I'm not sure theres enough posters who read and want to review books??? But see what happens! We do have this one in the lounge tho

http://www.expatforum.com/expats/expat-forum-lounge/33226-book-club.html

Jo xxx


----------



## Mohammed-Awaad

I am thinking about one hour per week in one of malls
it will be nice


----------



## jojo

Oh I see! Well see how it goes??!!

Jo xxx


----------



## Mohammed-Awaad

I hope it will be fine


----------



## UKJ

In Abu Dhabi?


----------



## Mohammed-Awaad

UKJ said:


> In Abu Dhabi?


Yes


----------



## Tercia

I do read a lot... Might be nice... But it wouldn't be nice if we don't have enough people interested....?


----------



## Mohammed-Awaad

tercia said:


> i do read a lot... Might be nice... But it wouldn't be nice if we don't have enough people interested....?


we can start together on fb...what do u think?


----------



## Jynxgirl

Even if you do a fb page, it would be nice if someone will come and keep up a book thread/get together thread for abu dhabi.
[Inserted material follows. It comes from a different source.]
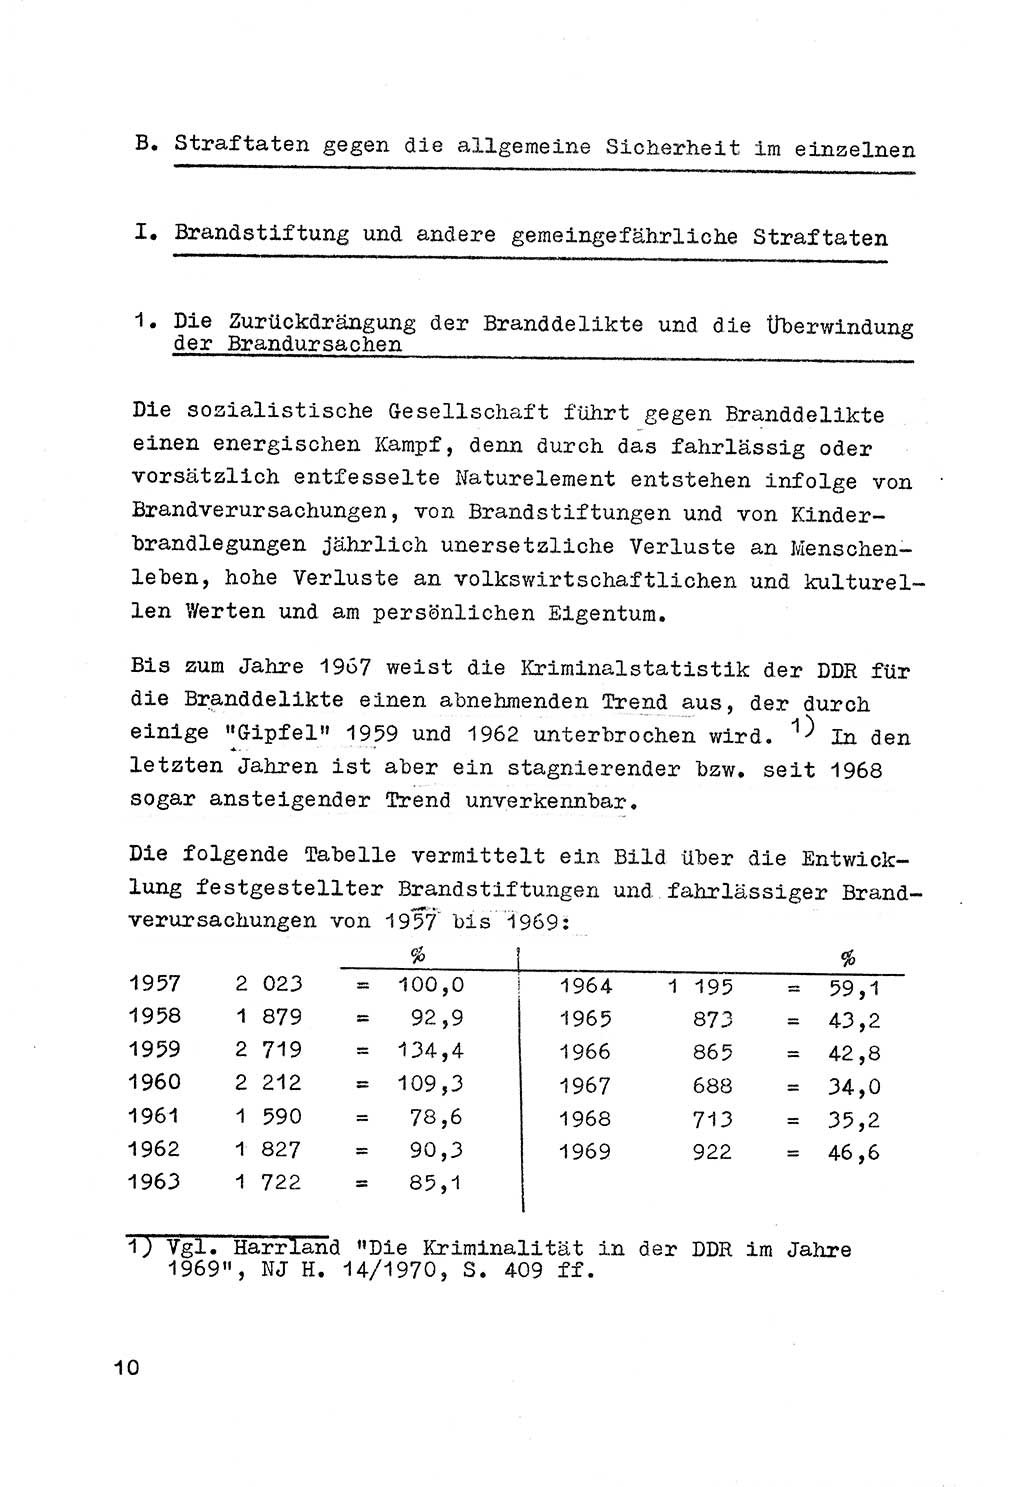 Strafrecht der DDR (Deutsche Demokratische Republik), Besonderer Teil, Lehrmaterial, Heft 7 1970, Seite 10 (Strafr. DDR BT Lehrmat. H. 7 1970, S. 10)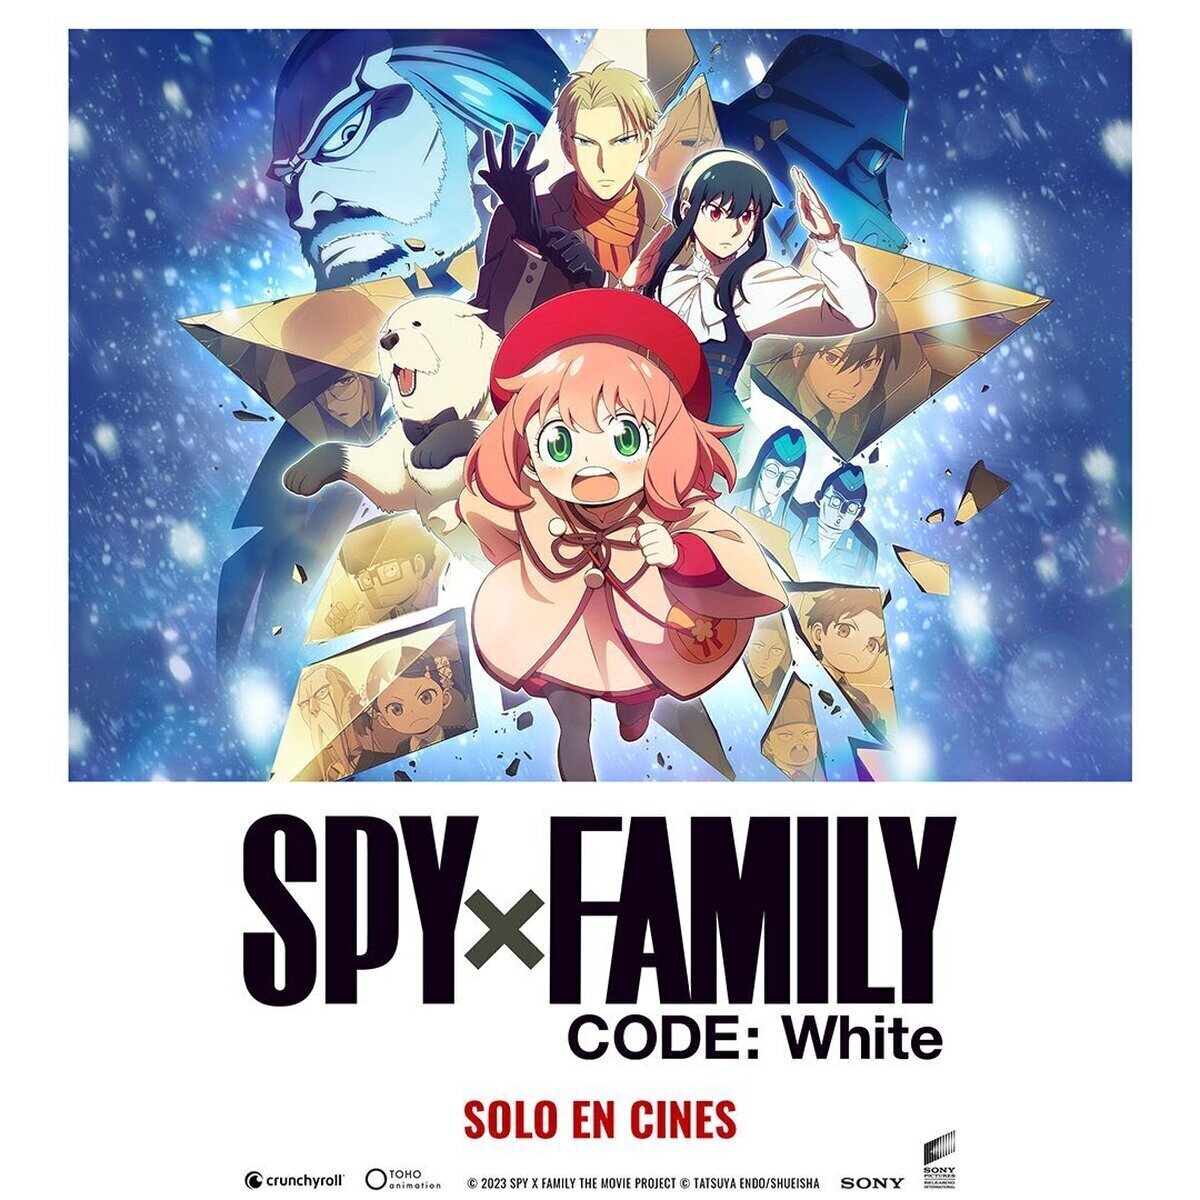 ¡La película ‘SPY x FAMILY CODE: White’ llegará a cines españoles el 19 de abril!

It really isnt that active and many new comers seem to be bored in abu dhabi. 

Even a weekly meetup/thursday night thing/dinner out/night at the cinema followed by coffee/etc... Anything would be nice


----------



## Tercia

Tell me about it.. I've been in Abu Dhabi for more than 2 years (6 years in UAE) and I'm so bored...


----------



## lexybelle

I haven't moved yet, but i read a lot and i would love a book club in AD.
Also love the idea of a weekly social thing


----------



## Mohammed-Awaad

lexybelle said:


> I haven't moved yet, but i read a lot and i would love a book club in AD.
> Also love the idea of a weekly social thing


Amazing you are interested...waiting u to settle


----------



## Jynxgirl

Tercia said:


> Tell me about it.. I've been in Abu Dhabi for more than 2 years (6 years in UAE) and I'm so bored...


If you are bored, best thing to do is either join a group that is centered around your interests or if you can not find one, make one 

That is how the marine aquarium society of UAE was born


----------



## Tercia

Great idea.. Haven't been able to find a group yet.. That's how I stumbled upon expat forum..


----------